The Love of Jesus is Unconditional

  1. Read verses 8-9. Who was Jesus concerned for as the guards came to arrest Him?
  2. Read Col. 2:13,14. What kind of love would cause someone to die for persons so vile as to be “dead” in their sins?
  3. Read Rom. 8:38, 39. How would you describe unconditional love? Do you struggle with loving like that?
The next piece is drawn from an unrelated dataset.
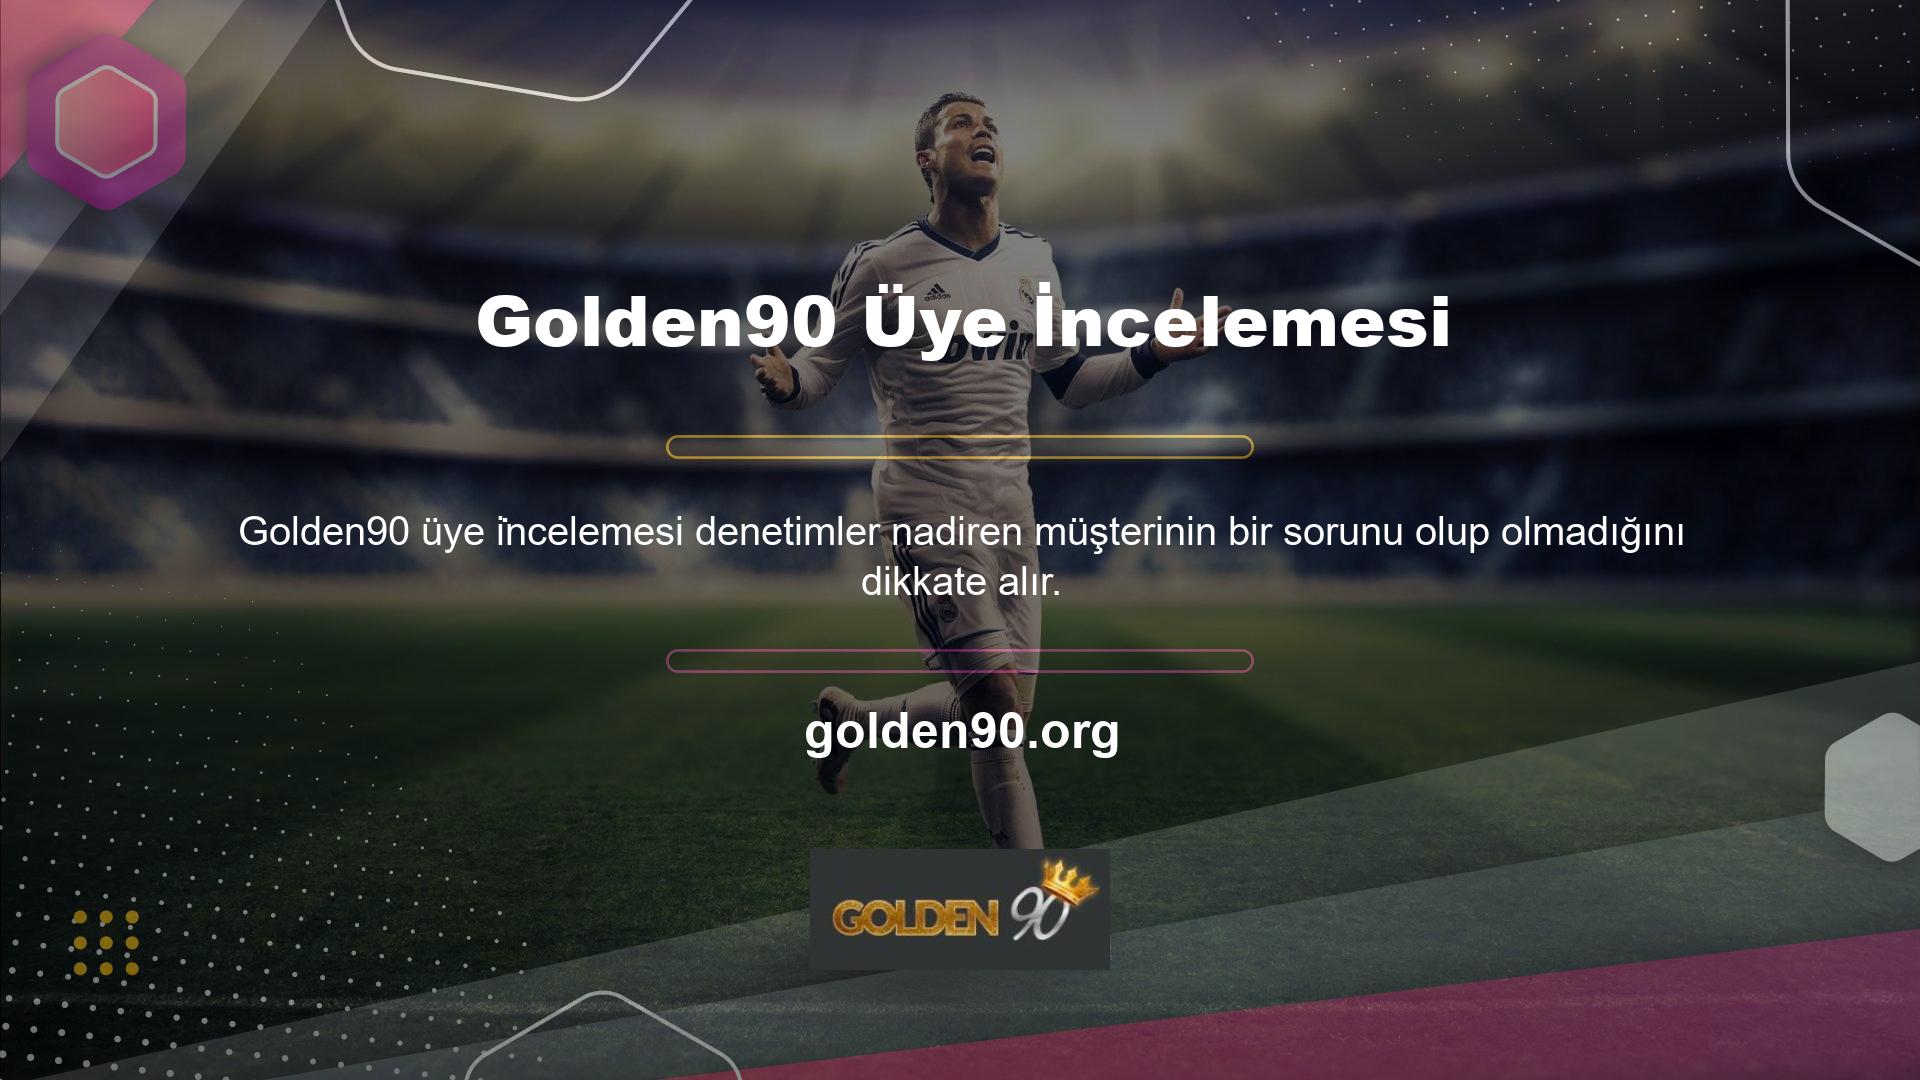 Golden90 üyeleri birçok olumlu yorum bıraktı

The Grace of Jesus is Indescribable

  1. Read verse 10. What was significant about Malchus’ position in Jewish hierarchy? What was Peter’s intent (probably)?
  2. Read verse 11. Who can tell what happened next (from Luke 22:51)? Why was Malchus not “deserving” of the grace of Jesus?
  3. Think: Does anyone owe you something—perhaps money? Does it bother you? How does that compare with the grace you received from God?

Close:

There are not enough words for us to describe the power of God, with our finite minds and vocabulary. How can we comprehend a universe where the stars alone exceed a number over 1,000,000,000,000,000,000,000,000—and He knows them all by name? Such power is indescribable. The creation (Rom. 1:20) alone testifies to all men that there is a Creator, so no one who will stand before God has an excuse. When Jesus answered, “I am He,” He was using the words God used for His Name: the great I AM. It’s scary to think that perhaps we’ve become so used to going to church, talking about the Lord, singing, praying and even praising Him, that we have lost the awe and reverence of His power! Perhaps He is no longer  held in such high esteem that we, like Isaiah, would cry out, “Woe is me!” To be the recipient of the kind of love available to men by calling on His name is unfathomable. To have Him remove your vilest sins, casting them as far as the east is from the west, is incomprehensible, and yet we get upset or turn away when He does not answer our prayers, or give us what we want. Our knowledge is a drop in a bucket and His is as limitless as possible, and yet we often treat Him like a servant, or a genie in a lamp. We all need to fall to our knees and cry “Holy, Holy, Holy, is the Lord God Almighty!” Won’t you take the message of salvation you’ve been given and tell those whose hearts need to be changed by His love that it is available to them? It matters so much!

Memory Verse: John 3:17: “For God did not send His Son into the world to condemn the world, but that the world through Him might be saved.”

Thoughts to Take Away:

  • (Verse 3): The soldiers came with “lanterns and torches” against the Light of the World;
  • They came with weapons against the Prince of Peace;
  • (Verses 4-8): Jesus was in Total Control: He knew all things; He went forward; He took the initiative; His words took them to the ground in response to His majesty; He told them what to do;
  • Nothing can stop the will of God;
  • We are protected by His love; we are perfected by His love;
  • As trials come, will we flee or fight?

Quote: “For evil to flourish, it requires only for good men to do nothing.” Edmund Burke.